→ What to work on:
Look below for the lines from the one with "10th Grade Homeschool" to the one with "Bilder aus dem", and copy exactly those lines, both ends included.

→ Provided records:
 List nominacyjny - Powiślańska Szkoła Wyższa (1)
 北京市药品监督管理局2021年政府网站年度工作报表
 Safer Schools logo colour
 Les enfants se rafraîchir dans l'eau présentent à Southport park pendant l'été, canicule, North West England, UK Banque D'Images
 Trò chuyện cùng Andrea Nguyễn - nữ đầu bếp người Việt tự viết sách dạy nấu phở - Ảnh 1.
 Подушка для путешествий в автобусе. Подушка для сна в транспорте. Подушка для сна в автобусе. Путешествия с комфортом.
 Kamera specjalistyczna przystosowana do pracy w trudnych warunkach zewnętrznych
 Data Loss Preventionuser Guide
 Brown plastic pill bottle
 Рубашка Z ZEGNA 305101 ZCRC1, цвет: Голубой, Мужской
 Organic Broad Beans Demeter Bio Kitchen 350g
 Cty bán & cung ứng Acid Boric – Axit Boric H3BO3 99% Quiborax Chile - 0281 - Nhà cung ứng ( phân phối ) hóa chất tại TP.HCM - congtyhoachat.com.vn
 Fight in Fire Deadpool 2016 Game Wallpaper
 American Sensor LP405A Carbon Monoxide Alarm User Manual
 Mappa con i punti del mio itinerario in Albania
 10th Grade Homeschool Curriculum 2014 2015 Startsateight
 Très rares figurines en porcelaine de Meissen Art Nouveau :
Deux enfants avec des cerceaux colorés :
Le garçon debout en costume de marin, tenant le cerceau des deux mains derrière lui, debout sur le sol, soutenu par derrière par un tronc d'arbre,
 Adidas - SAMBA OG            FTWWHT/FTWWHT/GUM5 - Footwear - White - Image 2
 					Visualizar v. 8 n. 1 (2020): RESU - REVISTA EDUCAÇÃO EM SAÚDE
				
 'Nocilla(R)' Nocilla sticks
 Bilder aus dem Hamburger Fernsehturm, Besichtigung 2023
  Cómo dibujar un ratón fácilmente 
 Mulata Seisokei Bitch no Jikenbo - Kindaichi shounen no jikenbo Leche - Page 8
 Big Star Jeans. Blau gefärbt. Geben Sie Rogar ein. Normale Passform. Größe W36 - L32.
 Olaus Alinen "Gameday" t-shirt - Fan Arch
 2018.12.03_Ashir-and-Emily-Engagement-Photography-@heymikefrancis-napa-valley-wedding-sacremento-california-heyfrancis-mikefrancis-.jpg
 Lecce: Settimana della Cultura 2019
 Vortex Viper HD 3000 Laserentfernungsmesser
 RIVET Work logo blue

→ Answer section:
 10th Grade Homeschool Curriculum 2014 2015 Startsateight
 Très rares figurines en porcelaine de Meissen Art Nouveau :
Deux enfants avec des cerceaux colorés :
Le garçon debout en costume de marin, tenant le cerceau des deux mains derrière lui, debout sur le sol, soutenu par derrière par un tronc d'arbre,
 Adidas - SAMBA OG            FTWWHT/FTWWHT/GUM5 - Footwear - White - Image 2
 					Visualizar v. 8 n. 1 (2020): RESU - REVISTA EDUCAÇÃO EM SAÚDE
				
 'Nocilla(R)' Nocilla sticks
 Bilder aus dem Hamburger Fernsehturm, Besichtigung 2023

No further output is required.